The only fix I would suggest in OSSEC itself is reporting an error when use_geoip
is enabled, but no GeoIP database location is specified.
@kravietz You may have discovered another issue. I don't have any geoip stuff set (or compiled in AFAIK), and can reproduce the crash.
@ddpbsd Quite possible - I would suggest running the crashing daemon from within gdb, it will provide quite useful information to find the bug. Here's how I did it:
# cd /var/ossec/bin/
# gdb ossec-analysisd
GNU gdb (GDB) Red Hat Enterprise Linux (7.2-75.el6)
(gdb) set args -fd
(gdb) run
And then just wait for the SIGSEGV to happen. When it does, run bt full
and the results should provide a hint on the bug location. The arguments -fd are for the analysisd to run in foreground.
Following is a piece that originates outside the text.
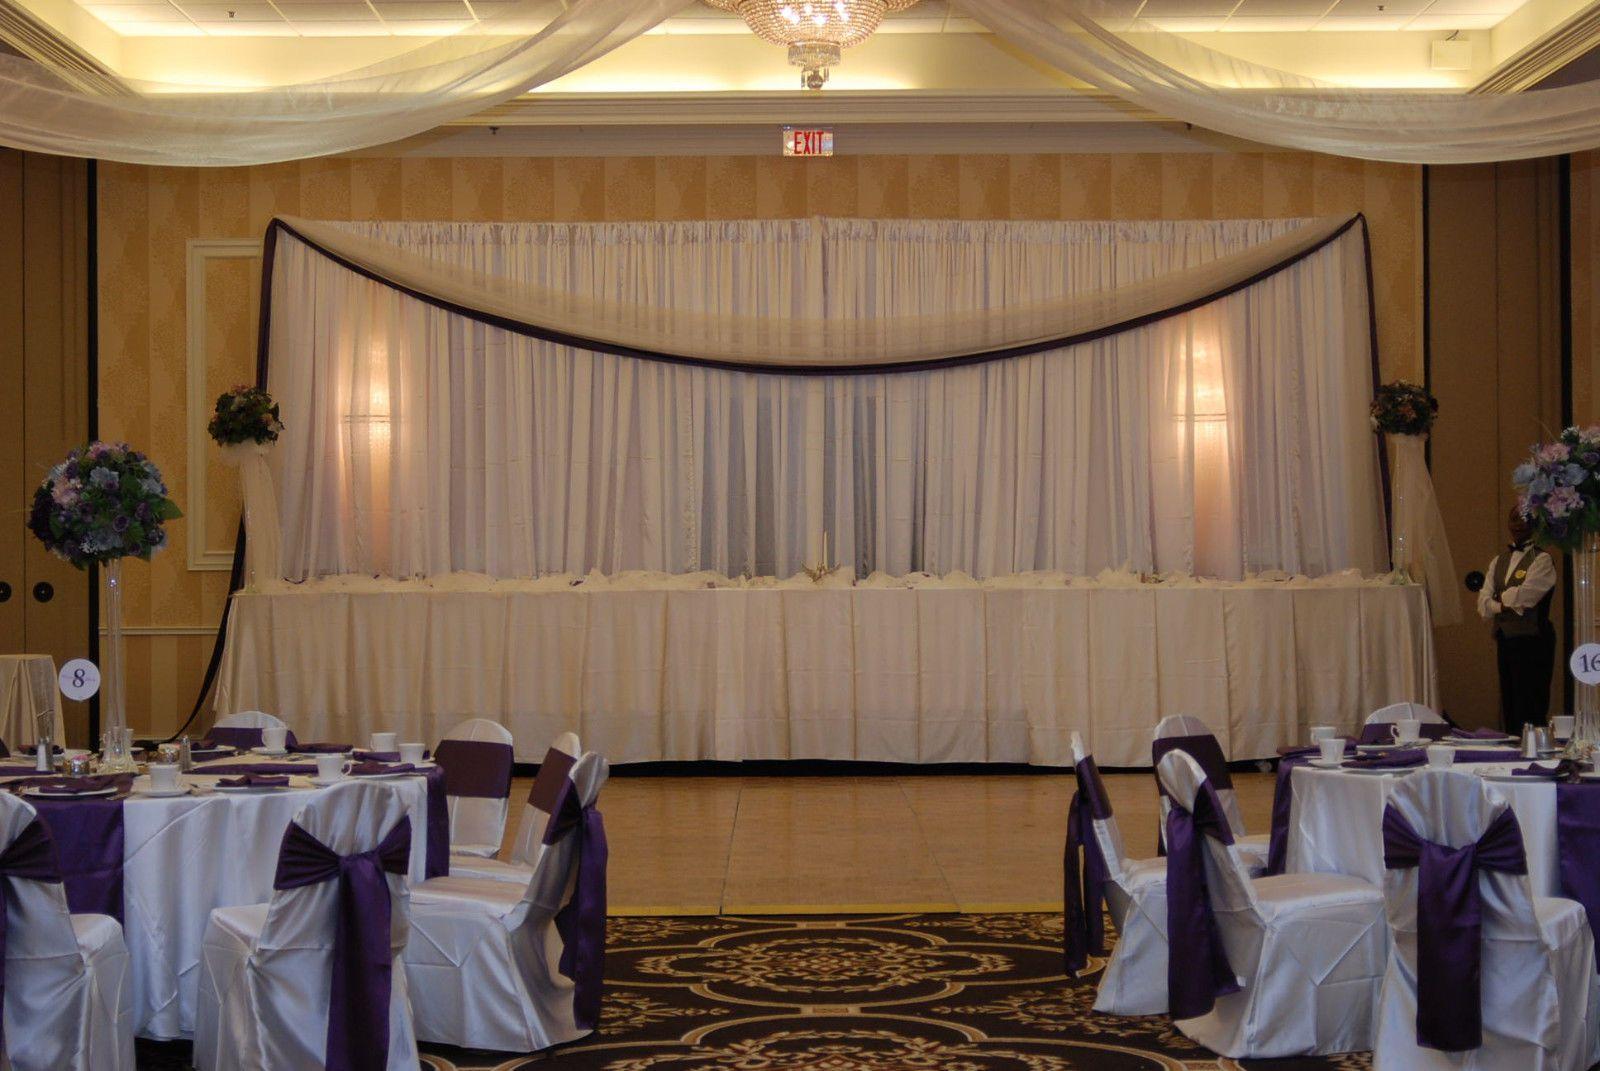 Wedding Curtain Backdrops Wedding Stage Decorations Wedding Backdrop Wedding Props Satin Drape

Thanks, I'll continue to do exatly that.
On Wed, Dec 17, 2014 at 8:02 AM, Paweł Krawczyk notifications@github.com wrote:
@ddpbsd https://github.com/ddpbsd Quite possible - I would suggest running the crashing daemon from within gdb, it will provide quite useful information to find the bug. Here's how I did it:
cd /var/ossec/bin/
gdb ossec-analysisd
GNU gdb (GDB) Red Hat Enterprise Linux (7.2-75.el6) (gdb) set args -fd (gdb) run
And then just wait for the SIGSEGV to happen. When it does, run bt full and the results should provide a hint on the bug location. The arguments -fd are for the analysisd to run in foreground.
— Reply to this email directly or view it on GitHub https://github.com/ossec/ossec-hids/issues/463#issuecomment-67318890.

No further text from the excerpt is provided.